Para pengunjuk rasa di ibu kota Khartoum selama rapat umum menentang kepemimpinan militer negara itu, di Sudan 17 Juli 2022. Foto: Reuters
JAKARTA - Jumlah korban tewas dari bentrokan suku yang dipicu oleh sengketa tanah di Negara Bagian Nil Biru di Sudan tenggara telah meningkat menjadi sedikitnya 64 orang, sumber-sumber medis mengatakan pada hari Senin, dengan ketegangan yang berkepanjangan menyebar ke beberapa negara bagian lain.
Jam malam diberlakukan di dua kota besar Negara Bagian Nil Biru dan pasukan keamanan dikerahkan menyusul pertempuran antara suku Hausa dan Funj yang dimulai pekan lalu.
Sumber-sumber medis di ibu kota negara bagian Damazine mengatakan bahwa sedikitnya 64 orang telah tewas dan ratusan lainnya terluka, di tengah kekurangan pasokan medis darurat yang parah.
Di kota Roseires, juga di Blue Nile, bentrokan berlanjut pada Senin dengan beberapa rumah terbakar, kata saksi mata kepada Reuters. Yang lain mengatakan bahwa sekelompok besar orang mulai bergerak dengan mobil dan berjalan kaki ke negara bagian Sennar yang berdekatan.
Anggota suku Hausa, yang anggotanya mendiami daerah pertanian di seluruh negeri, melakukan protes yang berubah menjadi kekerasan di dua negara bagian lain, kata saksi.
Saksi mata mengatakan pengunjuk rasa di Kassala membakar beberapa gedung pemerintah, dan pasukan keamanan menembak ke udara untuk membubarkan kerumunan.
Sementara itu di Madani, ibu kota negara bagian Gezira, pengunjuk rasa memblokir jalan utama dan jembatan dan juga bentrok dengan pengunjuk rasa lainnya, kata seorang saksi mata.
Ketegangan Funj-Hausa memuncak menyusul tuduhan dari Funj, yang telah lama mendiami negara bagian Nil Biru, bahwa Hausa berusaha untuk mengklaim bagian dari tanah mereka.
Ada juga kekerasan sporadis di wilayah pesisir timur dan Darfur barat meskipun ada kesepakatan damai nasional yang ditandatangani oleh beberapa kelompok pemberontak di Juba pada tahun 2020.

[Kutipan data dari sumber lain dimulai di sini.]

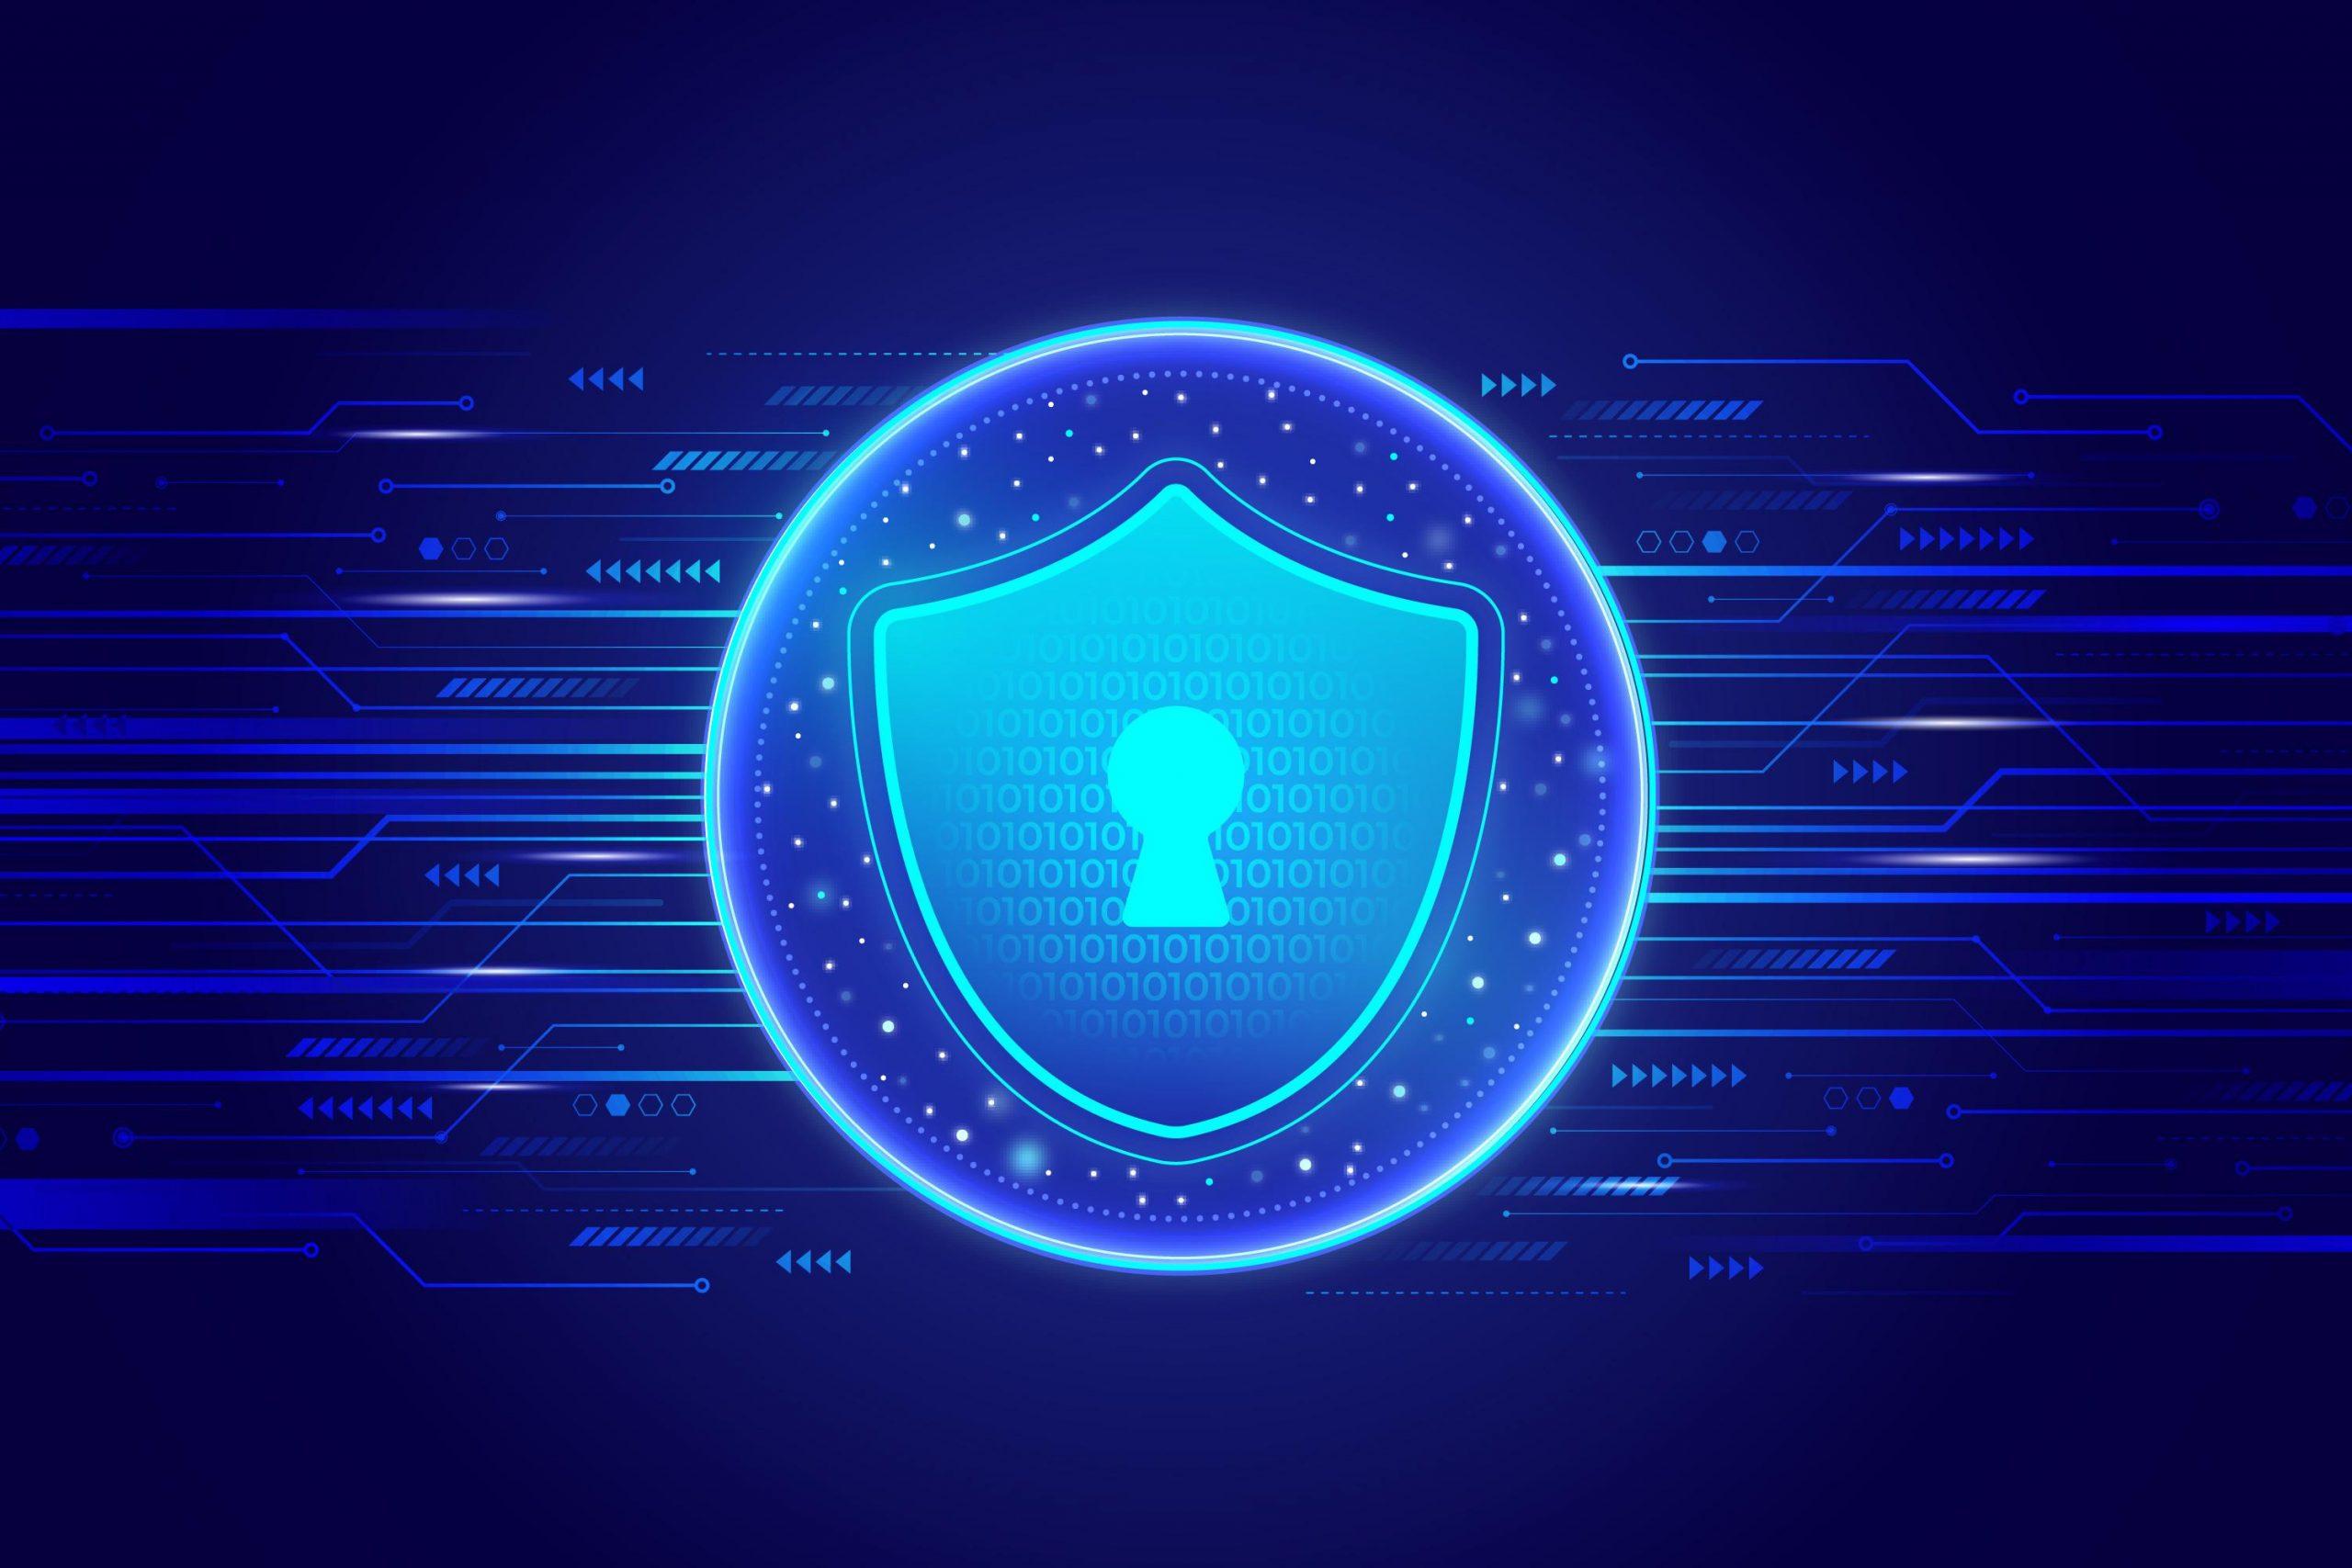 hafnium-attacks-microsoft-exchange-servers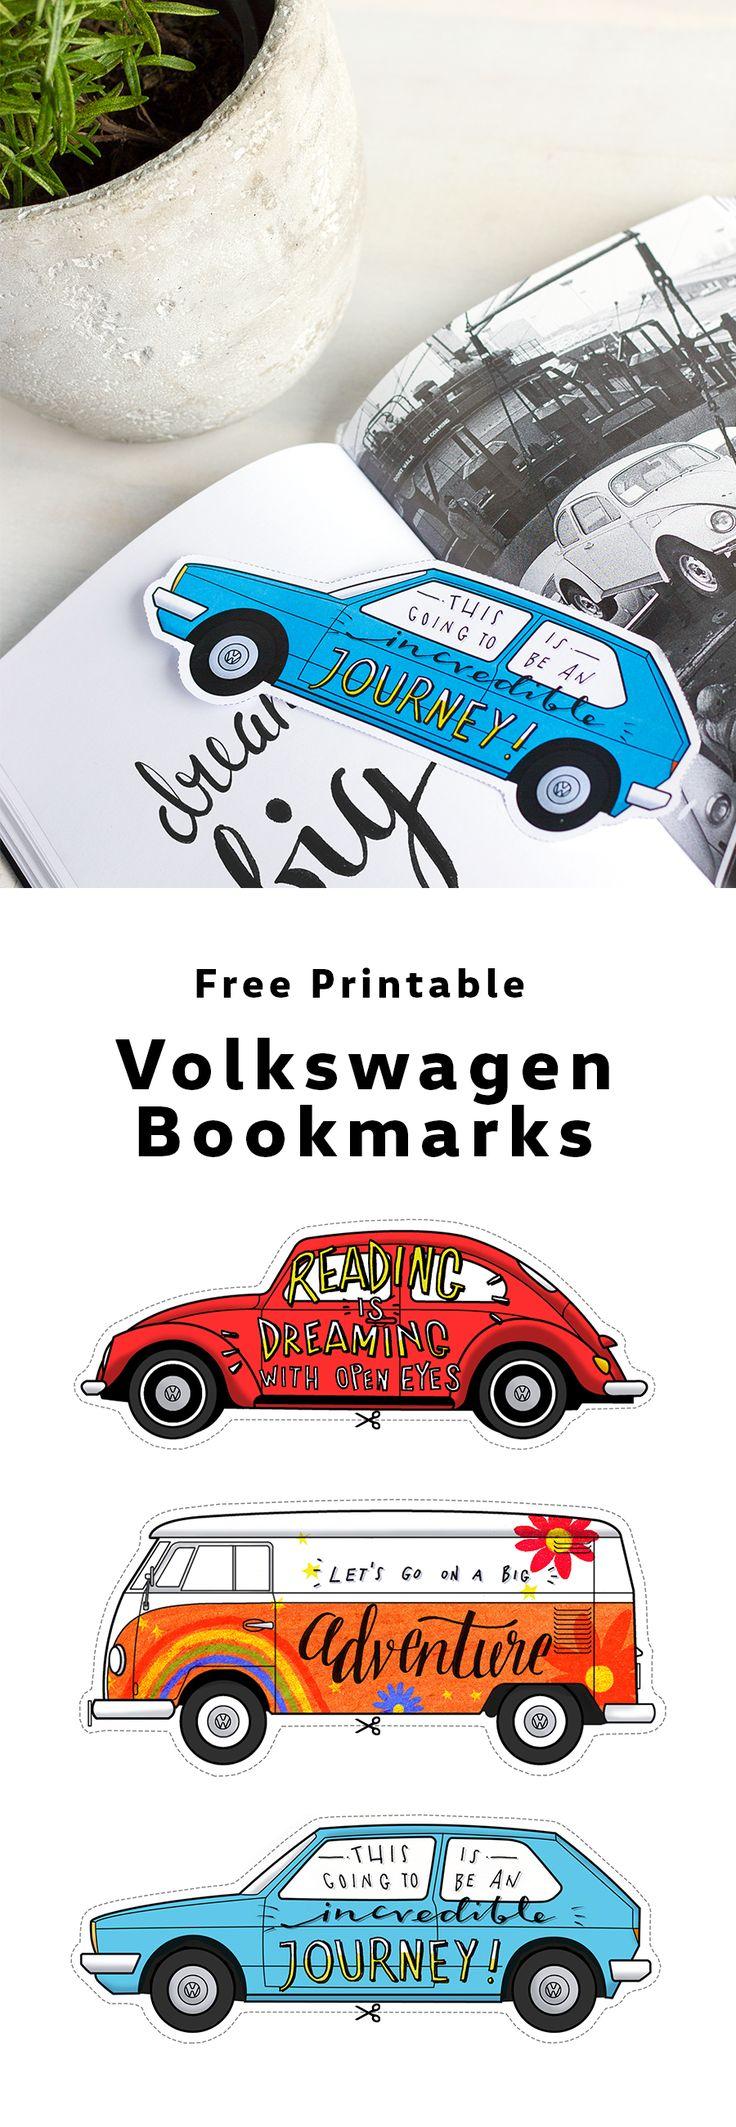 DIY for booklovers: Download this free printable to make Volkswagen Golf, Beetle or Campervan bookmarks.

Para pemimpin militer, yang merebut kekuasaan pada Oktober 2021 mengatakan mereka ingin menjaga stabilitas negara, mengatakan mereka bekerja untuk menopang kesepakatan damai.
Para pengunjuk rasa menuduh penguasa militer gagal melindungi warga sipil dan memicu konflik suku. Anggota Dewan Penguasa, Malik Agar mengatakan pada hari Minggu bahwa prioritasnya adalah untuk memulihkan stabilitas dan keamanan di daerah yang dilanda perselisihan dan tidak ada keinginan untuk mengubah susunan demografis atau "merampas penduduk asli dari hak-hak historis mereka".